(DATASET EXTRACT Opens)

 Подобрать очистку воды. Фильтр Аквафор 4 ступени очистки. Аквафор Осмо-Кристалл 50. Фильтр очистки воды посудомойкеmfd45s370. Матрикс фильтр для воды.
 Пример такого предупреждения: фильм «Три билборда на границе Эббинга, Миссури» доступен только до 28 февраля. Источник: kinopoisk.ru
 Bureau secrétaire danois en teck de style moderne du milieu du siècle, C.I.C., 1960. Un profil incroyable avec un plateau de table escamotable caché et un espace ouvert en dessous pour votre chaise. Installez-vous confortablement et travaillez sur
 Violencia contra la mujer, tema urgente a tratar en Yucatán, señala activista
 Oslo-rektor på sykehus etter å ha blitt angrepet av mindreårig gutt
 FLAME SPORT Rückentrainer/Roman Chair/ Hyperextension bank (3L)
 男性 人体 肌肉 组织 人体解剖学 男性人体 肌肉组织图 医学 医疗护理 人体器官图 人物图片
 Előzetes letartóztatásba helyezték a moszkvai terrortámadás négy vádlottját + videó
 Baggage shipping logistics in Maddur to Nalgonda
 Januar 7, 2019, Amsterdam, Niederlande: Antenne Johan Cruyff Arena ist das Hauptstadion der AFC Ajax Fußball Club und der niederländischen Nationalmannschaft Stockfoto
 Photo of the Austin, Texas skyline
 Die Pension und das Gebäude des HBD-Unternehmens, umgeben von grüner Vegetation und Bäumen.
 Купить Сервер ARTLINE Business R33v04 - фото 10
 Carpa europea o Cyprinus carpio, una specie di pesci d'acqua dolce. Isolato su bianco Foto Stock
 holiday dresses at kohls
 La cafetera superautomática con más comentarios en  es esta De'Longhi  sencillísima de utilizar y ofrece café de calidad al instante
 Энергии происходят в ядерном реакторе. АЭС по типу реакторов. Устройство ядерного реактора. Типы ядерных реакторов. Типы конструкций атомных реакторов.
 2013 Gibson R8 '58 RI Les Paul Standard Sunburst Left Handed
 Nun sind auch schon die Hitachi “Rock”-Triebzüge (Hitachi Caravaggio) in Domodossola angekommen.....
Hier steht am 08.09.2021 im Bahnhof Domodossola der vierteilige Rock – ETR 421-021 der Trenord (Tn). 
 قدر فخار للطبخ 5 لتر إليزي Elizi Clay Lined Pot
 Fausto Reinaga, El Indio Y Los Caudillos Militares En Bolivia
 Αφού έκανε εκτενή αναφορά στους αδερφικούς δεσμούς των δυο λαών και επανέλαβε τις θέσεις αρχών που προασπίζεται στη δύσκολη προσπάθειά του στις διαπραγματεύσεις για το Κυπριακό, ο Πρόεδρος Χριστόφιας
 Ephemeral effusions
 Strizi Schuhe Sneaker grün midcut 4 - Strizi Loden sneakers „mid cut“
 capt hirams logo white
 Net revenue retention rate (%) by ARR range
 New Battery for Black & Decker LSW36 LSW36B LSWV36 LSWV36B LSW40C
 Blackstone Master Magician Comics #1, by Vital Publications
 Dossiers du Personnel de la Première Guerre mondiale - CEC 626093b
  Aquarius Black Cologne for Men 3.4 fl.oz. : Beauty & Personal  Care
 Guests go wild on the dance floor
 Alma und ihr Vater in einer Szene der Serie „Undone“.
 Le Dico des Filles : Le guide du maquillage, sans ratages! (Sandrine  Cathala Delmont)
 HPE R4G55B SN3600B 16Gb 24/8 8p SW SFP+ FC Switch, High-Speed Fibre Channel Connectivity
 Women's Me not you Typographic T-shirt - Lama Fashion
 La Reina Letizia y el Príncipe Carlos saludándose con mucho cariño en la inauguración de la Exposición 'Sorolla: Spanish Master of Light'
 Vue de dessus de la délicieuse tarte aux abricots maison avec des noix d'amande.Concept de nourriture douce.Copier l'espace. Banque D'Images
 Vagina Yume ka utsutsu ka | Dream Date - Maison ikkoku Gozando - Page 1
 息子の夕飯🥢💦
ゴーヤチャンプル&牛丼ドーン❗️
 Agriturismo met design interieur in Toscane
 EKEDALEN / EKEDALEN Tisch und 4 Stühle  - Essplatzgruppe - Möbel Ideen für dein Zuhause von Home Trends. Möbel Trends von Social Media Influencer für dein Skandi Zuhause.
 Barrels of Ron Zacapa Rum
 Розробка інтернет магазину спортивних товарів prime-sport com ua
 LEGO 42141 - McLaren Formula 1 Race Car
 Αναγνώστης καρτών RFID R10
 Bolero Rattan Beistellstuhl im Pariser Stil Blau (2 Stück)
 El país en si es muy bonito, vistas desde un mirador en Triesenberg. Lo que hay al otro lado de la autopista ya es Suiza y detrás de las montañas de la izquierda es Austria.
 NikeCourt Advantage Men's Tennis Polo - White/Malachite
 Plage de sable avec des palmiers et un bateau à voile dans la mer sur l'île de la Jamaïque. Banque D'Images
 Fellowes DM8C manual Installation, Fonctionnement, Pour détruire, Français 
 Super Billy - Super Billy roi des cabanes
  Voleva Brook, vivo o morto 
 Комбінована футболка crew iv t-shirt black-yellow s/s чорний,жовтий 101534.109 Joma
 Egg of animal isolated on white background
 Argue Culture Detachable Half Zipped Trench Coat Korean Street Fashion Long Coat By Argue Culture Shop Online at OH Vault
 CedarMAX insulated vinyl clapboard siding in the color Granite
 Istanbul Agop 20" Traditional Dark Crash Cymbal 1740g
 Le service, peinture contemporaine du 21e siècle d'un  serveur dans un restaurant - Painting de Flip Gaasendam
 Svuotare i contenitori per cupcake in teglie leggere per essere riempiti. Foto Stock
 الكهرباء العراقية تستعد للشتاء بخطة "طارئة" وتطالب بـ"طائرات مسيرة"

(DATASET EXTRACT Closes)

HOW TO COMPLETE THIS TASK: From the first line of the data above to the line holding "holiday dresses at kohls", reproduce each line exactly; emit no other lines.

TASK SOLUTION:
 Подобрать очистку воды. Фильтр Аквафор 4 ступени очистки. Аквафор Осмо-Кристалл 50. Фильтр очистки воды посудомойкеmfd45s370. Матрикс фильтр для воды.
 Пример такого предупреждения: фильм «Три билборда на границе Эббинга, Миссури» доступен только до 28 февраля. Источник: kinopoisk.ru
 Bureau secrétaire danois en teck de style moderne du milieu du siècle, C.I.C., 1960. Un profil incroyable avec un plateau de table escamotable caché et un espace ouvert en dessous pour votre chaise. Installez-vous confortablement et travaillez sur
 Violencia contra la mujer, tema urgente a tratar en Yucatán, señala activista
 Oslo-rektor på sykehus etter å ha blitt angrepet av mindreårig gutt
 FLAME SPORT Rückentrainer/Roman Chair/ Hyperextension bank (3L)
 男性 人体 肌肉 组织 人体解剖学 男性人体 肌肉组织图 医学 医疗护理 人体器官图 人物图片
 Előzetes letartóztatásba helyezték a moszkvai terrortámadás négy vádlottját + videó
 Baggage shipping logistics in Maddur to Nalgonda
 Januar 7, 2019, Amsterdam, Niederlande: Antenne Johan Cruyff Arena ist das Hauptstadion der AFC Ajax Fußball Club und der niederländischen Nationalmannschaft Stockfoto
 Photo of the Austin, Texas skyline
 Die Pension und das Gebäude des HBD-Unternehmens, umgeben von grüner Vegetation und Bäumen.
 Купить Сервер ARTLINE Business R33v04 - фото 10
 Carpa europea o Cyprinus carpio, una specie di pesci d'acqua dolce. Isolato su bianco Foto Stock
 holiday dresses at kohls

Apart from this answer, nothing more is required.